Using a Tbsp of the olive oil to rub the jalapeños and toss them on the pan with the sweet potatoes
Put the Sweet Potatoes and the Peppers into the oven on 400/F. 205/C for 45 minutes
While the Potatoes are cooking, season the Chicken with a little oil, salt and pepper (and whatever other spices you’d prefer)
Sear the chicken over medium heat and continue to cook it until it’s done
Grab a mixing bowl and toss in the Golden Raisins and the rest of the Balsamic Vinaigrette
While the Chicken cooks, blanch the Kale for just a second to soften the fibers in it, and give it a quick saute before adding it to the mixing bowl with the Raisins and vinaigrette.
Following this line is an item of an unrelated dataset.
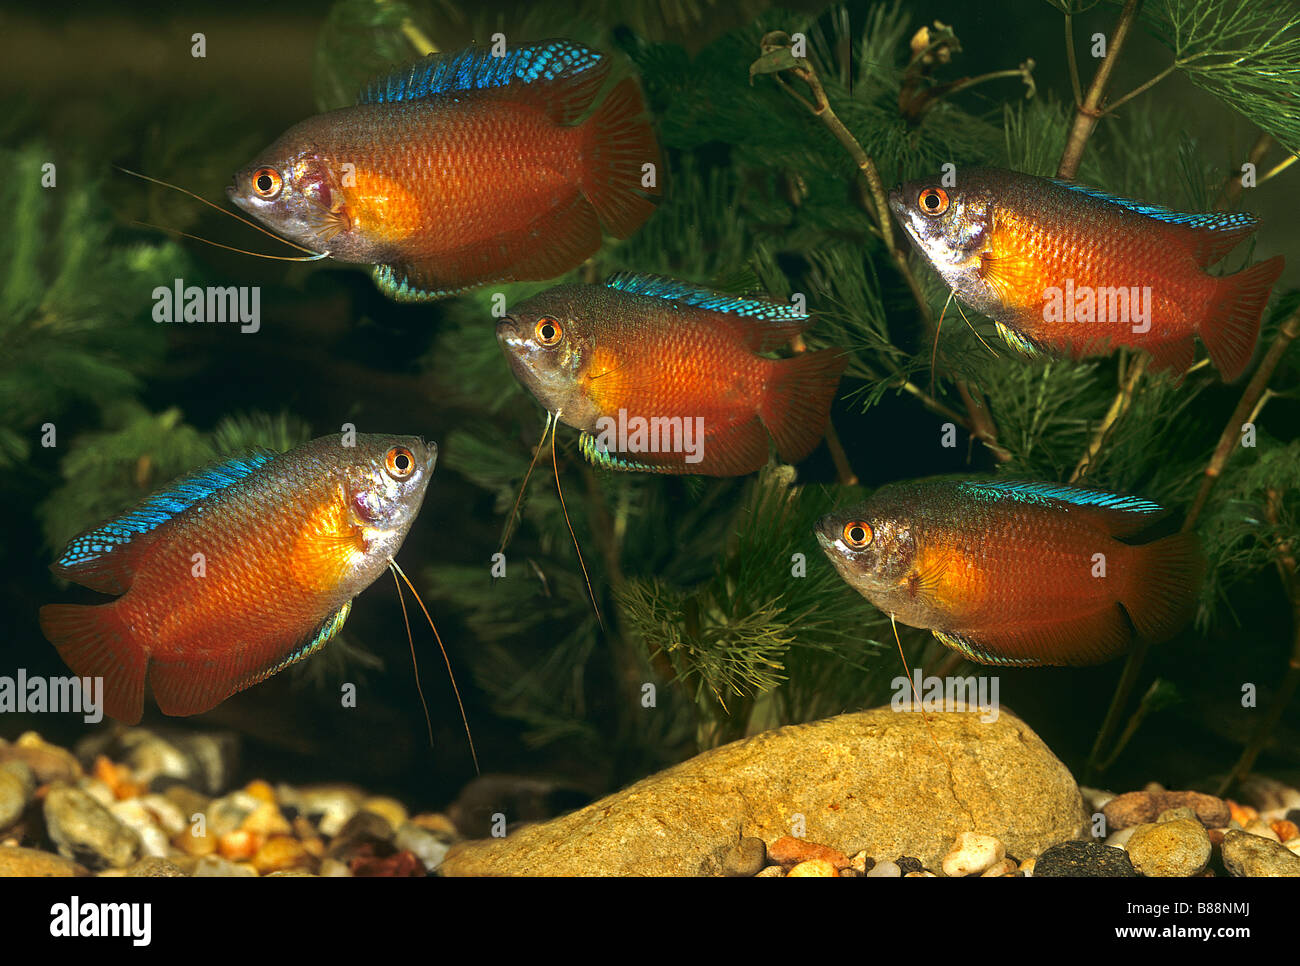 five dwarf gouramis in Aquarium / Colisa lalia Stock Photo

Once the potatoes and jalapeños have finished cooking, remove them from the oven and let them begin cooling.
While the potatoes cool, chop your chicken and the jalapeños and add them to the mixing bowl
Using a spoon, scoop some of the potato from each of the halves and add them to the mixing bowl as well
Add a little salt and pepper to the mixing bowl, and mix everything together...
Scoop the potato filling mixture into each of the potato halves
Enjoy as an entree or serve with a salad, or you’re choice of complimentary veg!